Skip to main content
Skip to main content

The Too Many Parts Problem

This guide is part of a collection of findings gained from community meetups. For more real world solutions and insights you can browse by specific problem. Need more performance optimization tips? Check out the Performance Optimization community insights guide.

Universal pain point: Small frequent inserts create performance degradation through part explosion.

Clear warnings from ClickHouse engineers and users:

  • "If you are doing 100,000 inserts it is going to create 100,000 parts, and behind the scenes, over time, ClickHouse is going to merge those parts... the more parts you create, the more meta work that you create for ClickHouse to merge"
  • "If the inserts are too small then you have another problem in that these small parts will not get merged together in time in the background. When too many parts accumulate, you'll get the "too many parts" error which will slow down your writing throughput"
  • "We encourage our users to insert data in batches. For example, 20,000 rows at once"
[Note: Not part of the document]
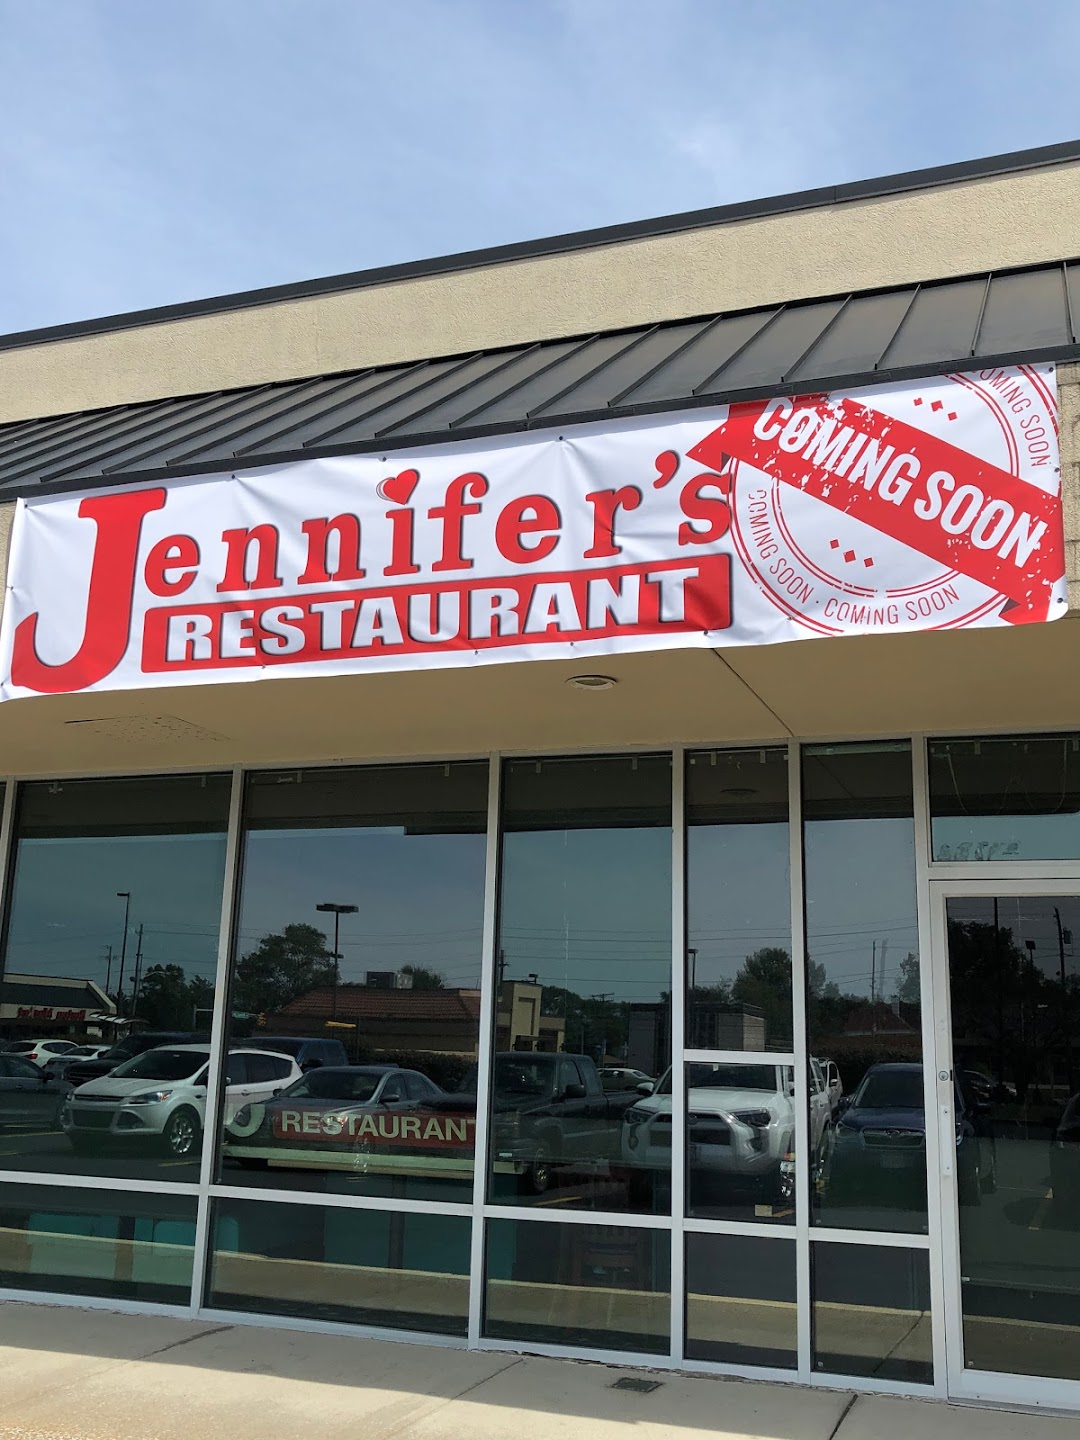 Jennifers Restaurant

Recognize the Problem Early

Proper Insert Batching

Community-proven batching strategy from production deployments:

"All these batching services they buffer the traffic... either for 30 seconds or till the data size hits 200 MB... there is a fine balance that needs to be struck here for how much to buffer... we don't want to insert again too frequently because then it unnecessarily consumes click house cycles" - Production observability platform processing TB/day

Alternative: Async Inserts (ClickHouse 21.11+)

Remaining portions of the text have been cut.